POZEN and tribute announce plan to proceed with merger to form Aralez Pharmaceuticals

Canada domicile provides similar competitive structure and benefits to Ireland.

POZEN and Tribute Pharmaceuticals Canada have confirmed their merger plans and announced that they have entered into an amended agreement and plan of merger, which among other things, moves the domicile for their proposed parent company, Aralez Pharmaceuticals from Ireland to Canada. This alternative transaction structure, the parties believe, is in the best interest of their respective securityholders. The companies previously announced in June 2015 that POZEN would acquire Tribute and the combined company would be renamed Aralez Pharmaceuticals.
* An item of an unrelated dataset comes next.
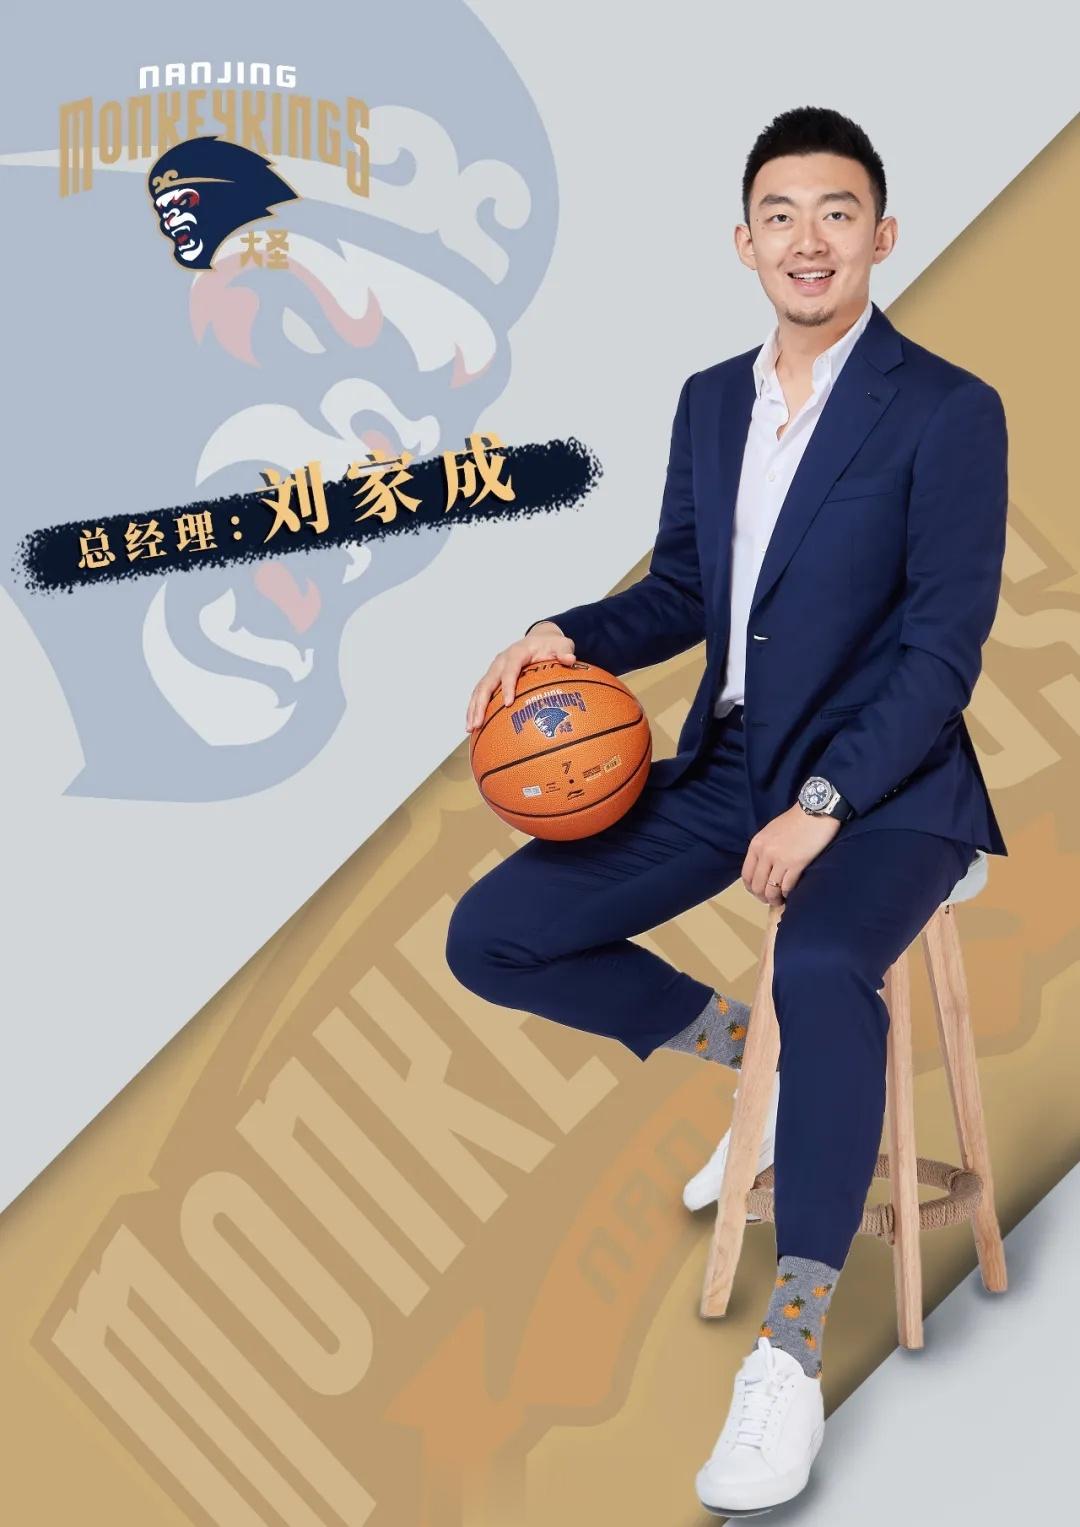 南京同曦官宣：聘请刘家成担任球队总经理。刘家成是国内篮球圈知名经纪人，阿不都沙拉(2)

With planned business operations in Ireland, Canada and the US, the Canadian domicile offers a substantially similar corporate and tax structure to the previous Irish domicile, and will benefit from Tribute's business foundation and strong presence in Canada where Tribute is incorporated and from where it has always operated.

POZEN's proxy statement relating to the proposed transaction dated November 6, 2015 and Tribute's Management Proxy Circular dated 6 November 2015, mailed by the parties to their respective securityholders, will be withdrawn and new filings will be made with the requisite regulatory authorities to reflect changes and updates to the transaction structure. As a result, the meetings of the securityholders of Tribute and POZEN scheduled for 9 and 10 December, respectively, have been cancelled and new meeting dates will be set and communicated in subsequent proxy materials. The transaction is expected to close in the first quarter of 2016. It is a condition of closing that the common shares of Aralez be approved for listing on the NASDAQ and conditionally approved on the TSX. In connection with the acquisition, a syndicate of leading healthcare investors, led by Deerfield and including QLT, Broadfin Capital and JW Asset Management, has confirmed their commitment of up to US$350 million in growth capital for the combined company, intended to support the anticipated commercial launches of YOSPRALA and Fibricor, as well as future potential product and company acquisitions. Such financing is expected to close immediately prior to closing of the transaction with POZEN and Tribute. The proposed investment in Aralez includes:

  • US$75 million of equity in Tribute immediately prior to closing of the transaction at a price per share equal to (a) the lesser of (i) US$7.20, and (ii) a 5% discount off the five day volume weighted average price (VWAP) per share of POZEN common stock, calculated over the five trading days immediately preceding the date of closing, not to be less than US$6.25, multiplied by (b) .1455 (the conversion ratio). In the event any of POZEN, Tribute or Aralez announce a material event (other than results of any shareholder meeting) during the 10-day period immediately preceding closing, the VWAP lookback period will be reduced from 5 days to 2 days.
  • US$75 million in 2.5% convertible senior secured notes due six years from issuance with a conversion price equal to a 32.5% premium to the aforementioned equity price.
  • Up to US$200 million committed secured debt facility to fund future acquisitions.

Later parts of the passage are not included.